Exercise prompt
Copy each line below as it stands, but skip any picture it contains.

[[ Dataset extract, beginning ]]

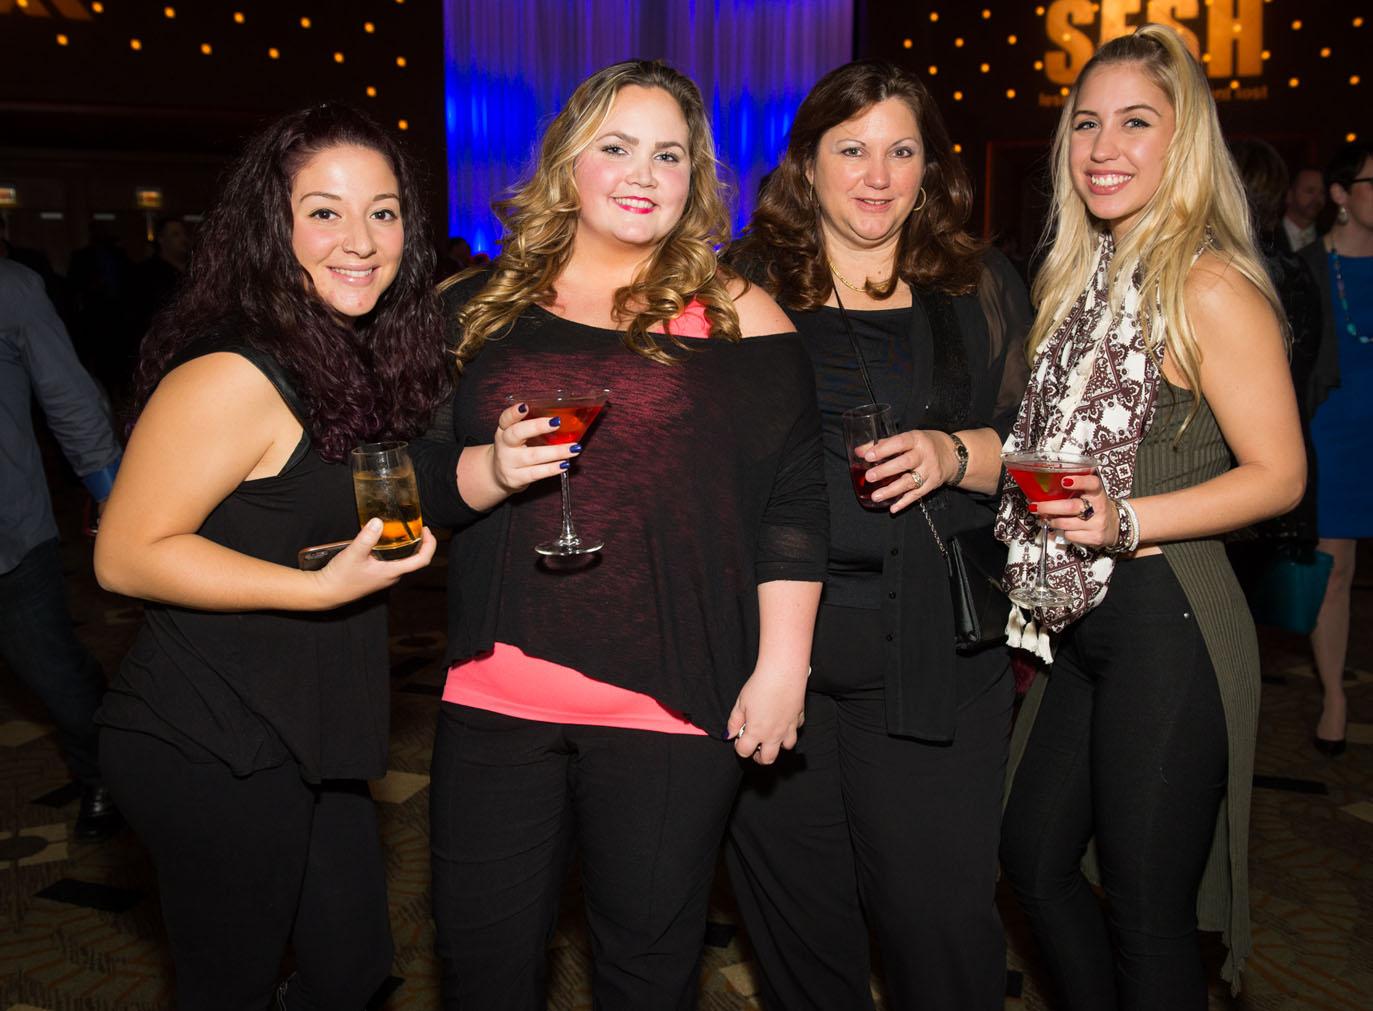 2015-12-09 ReMax Corpoarte Event - The Borgata - Atlantic City NJ - Photo Sesh - 2015-5100.jpg
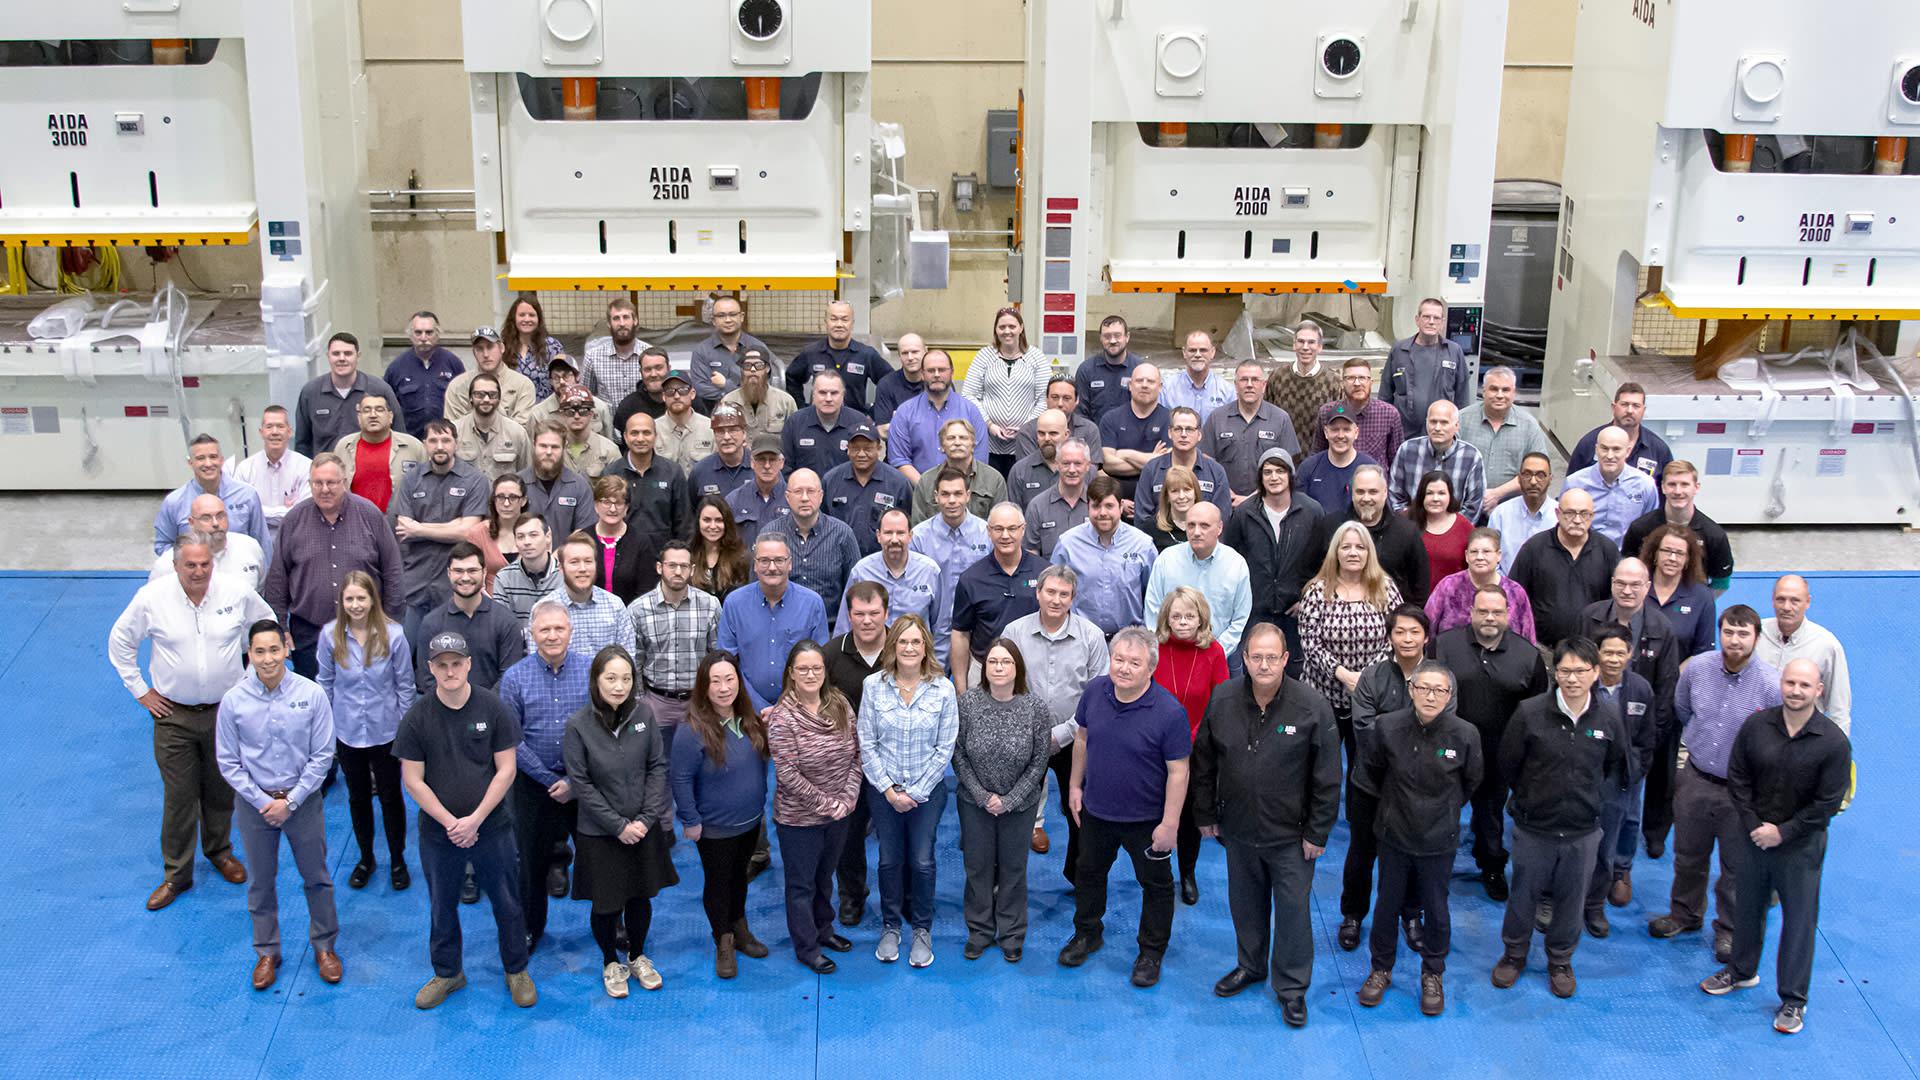 AIDA-America 180,000 sq. ft. Advanced Manufacturing Facility
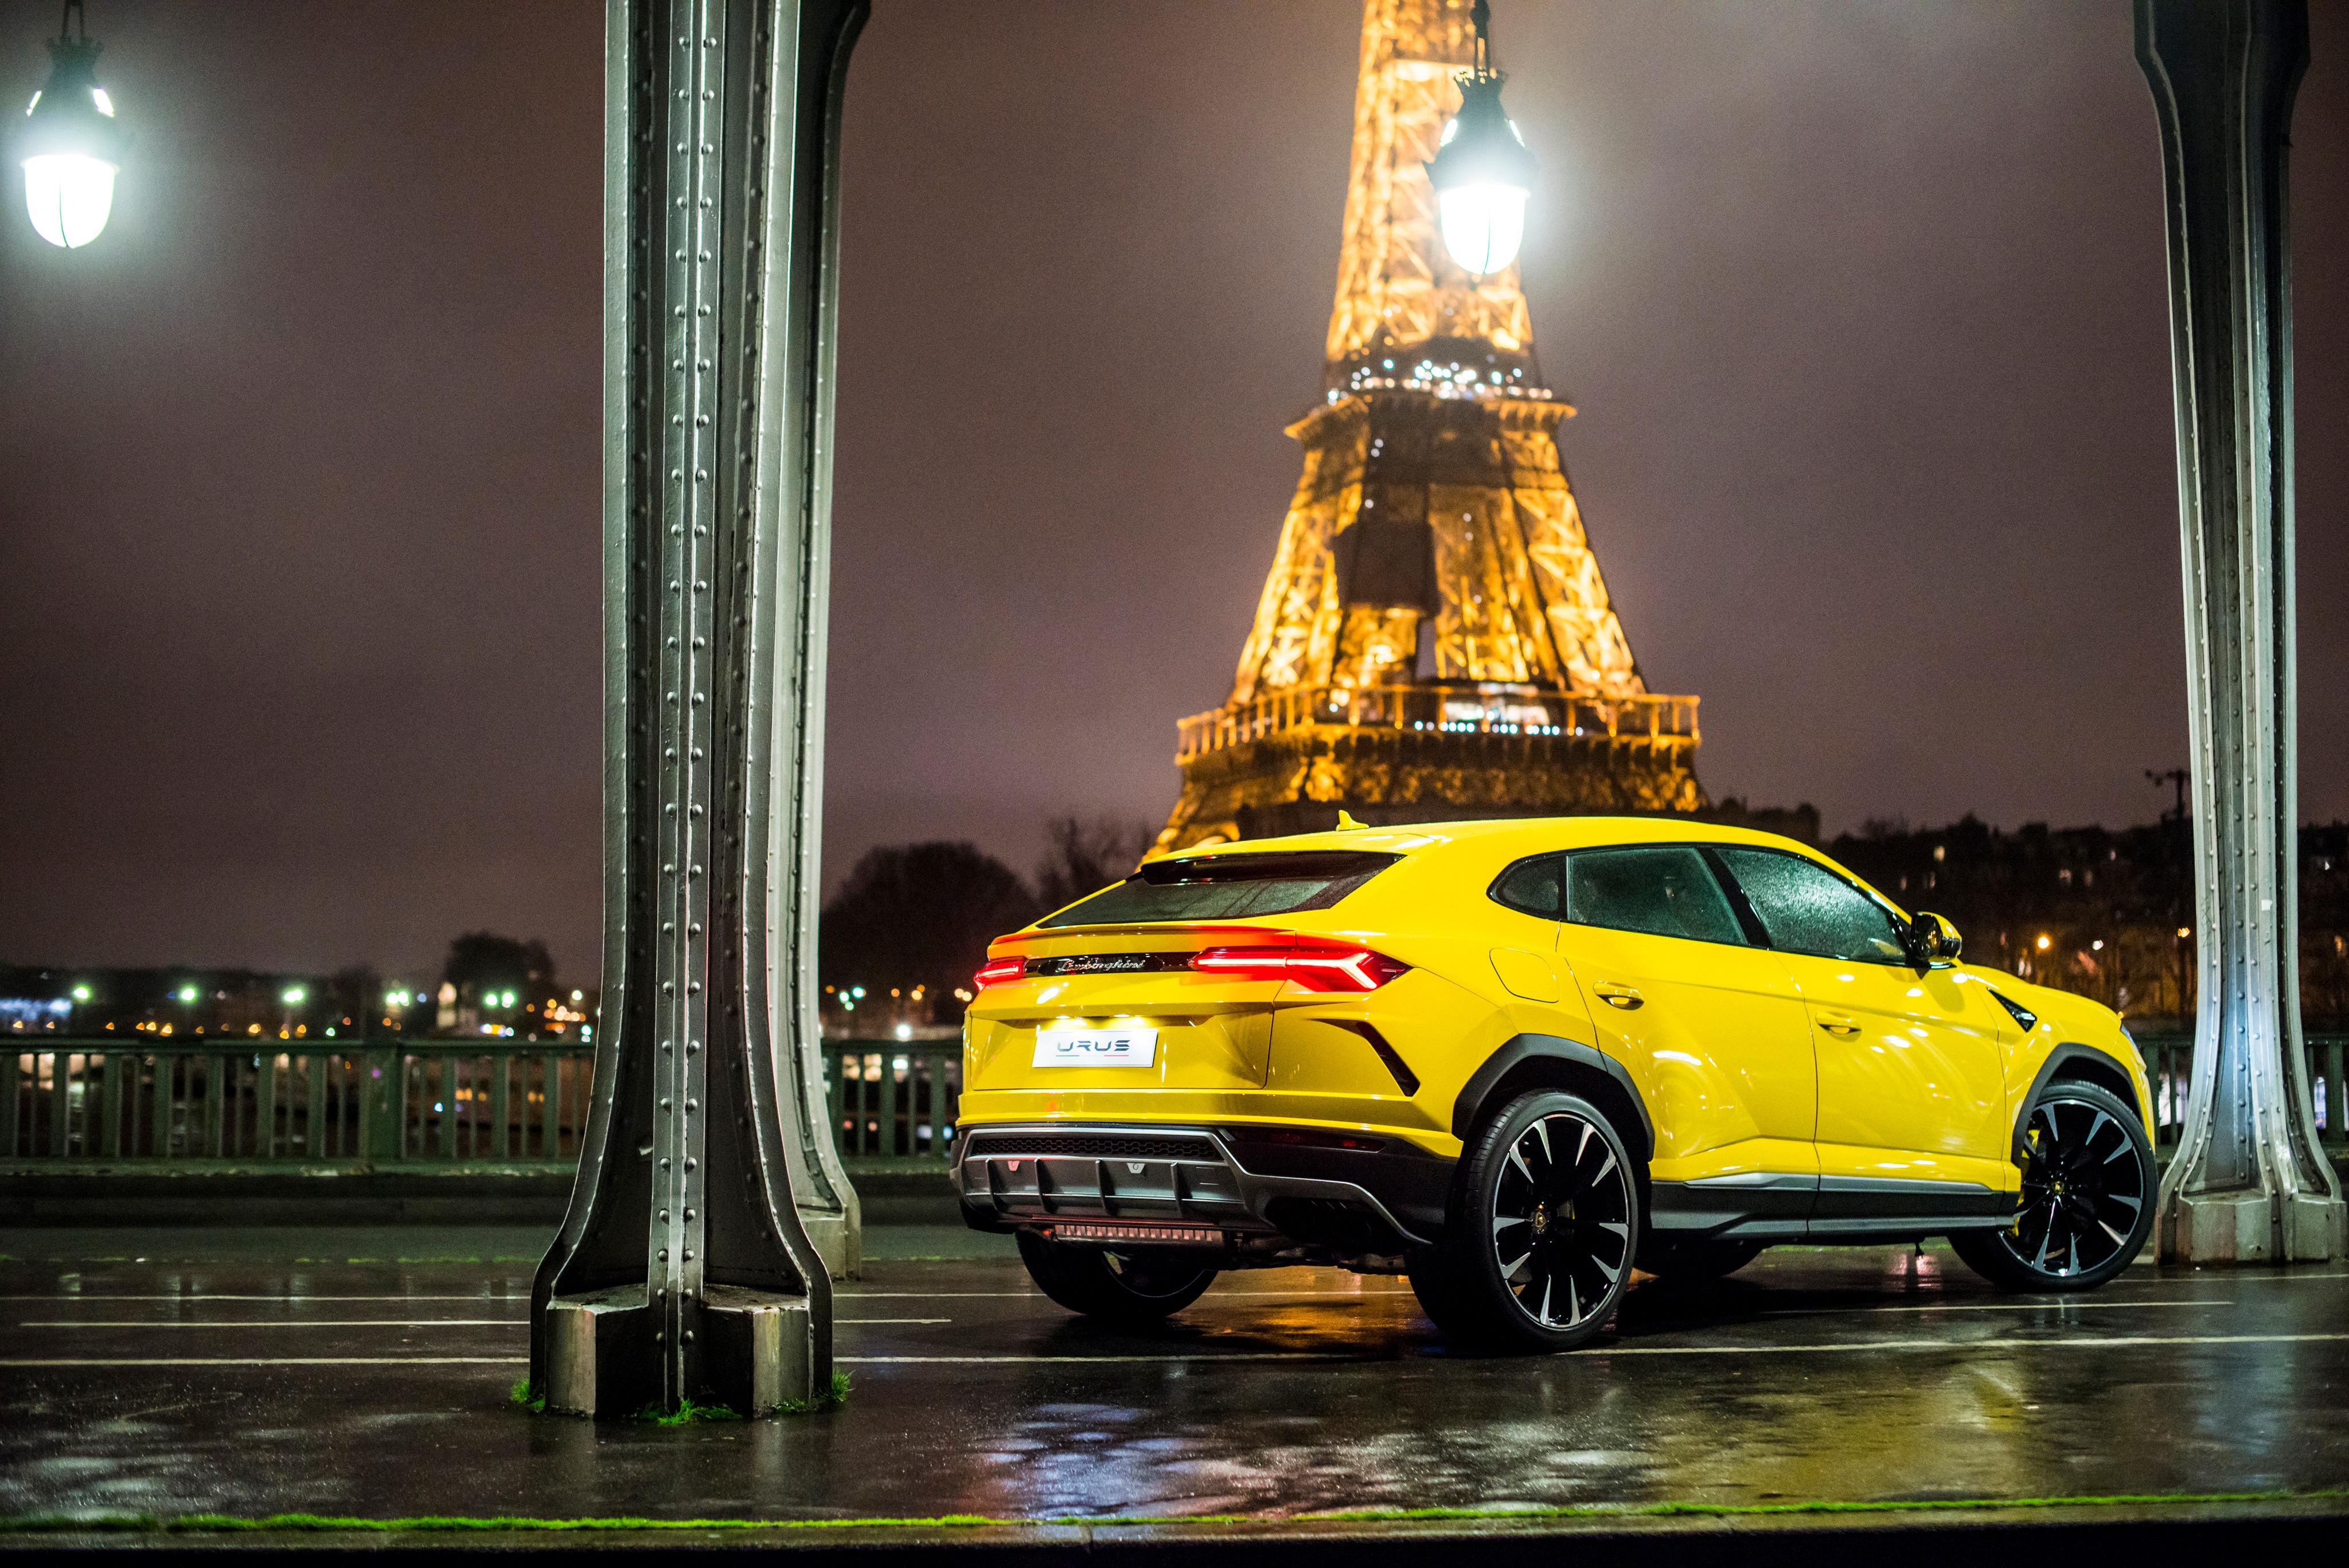 Rear Side Of Lamborghini Urus 4k Hd Cars 4k Wallpapers Images
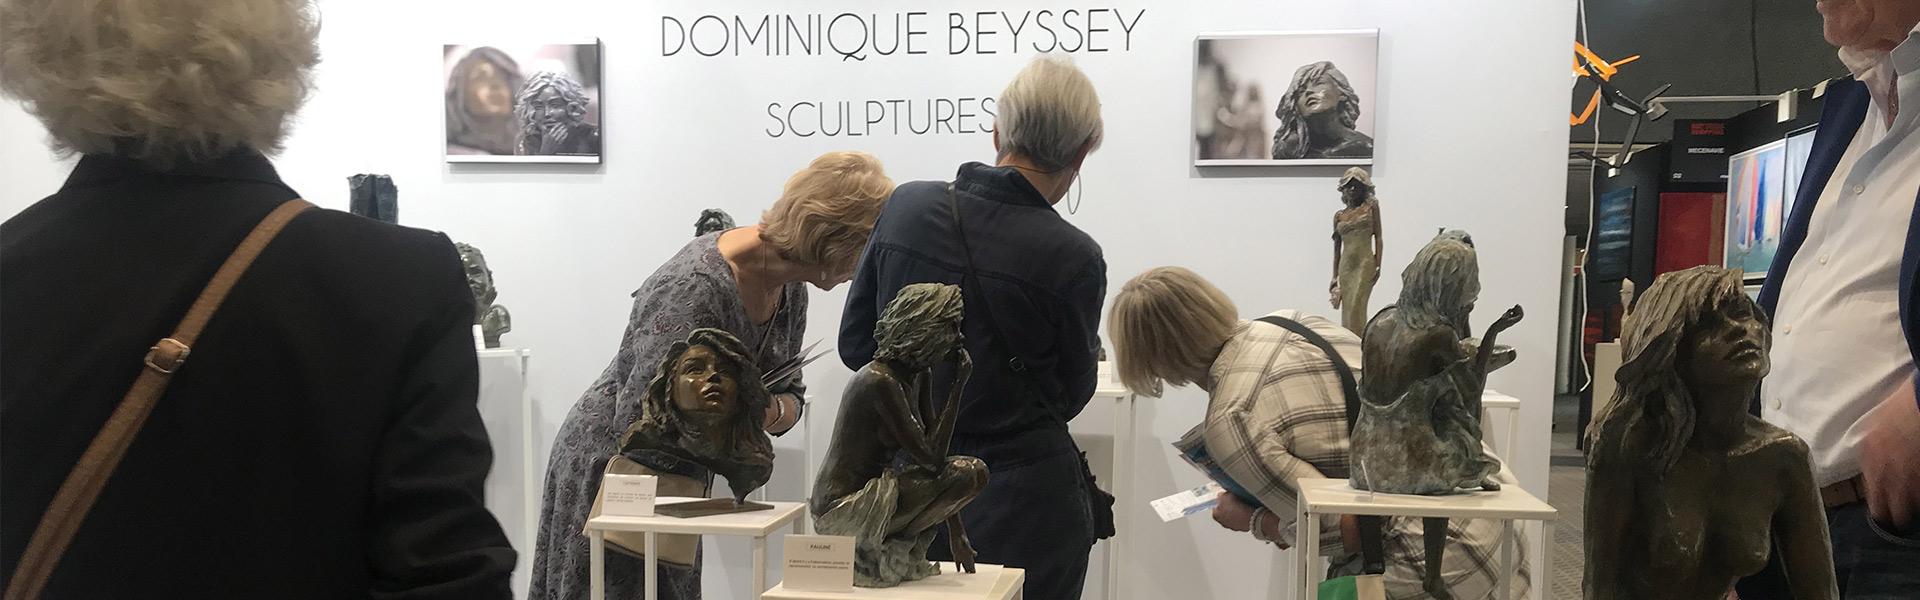 dominique_beyssey_slide1-1

[[ Dataset extract, end ]]

Solution for this exercise
 2015-12-09 ReMax Corpoarte Event - The Borgata - Atlantic City NJ - Photo Sesh - 2015-5100.jpg
 AIDA-America 180,000 sq. ft. Advanced Manufacturing Facility
 Rear Side Of Lamborghini Urus 4k Hd Cars 4k Wallpapers Images
 dominique_beyssey_slide1-1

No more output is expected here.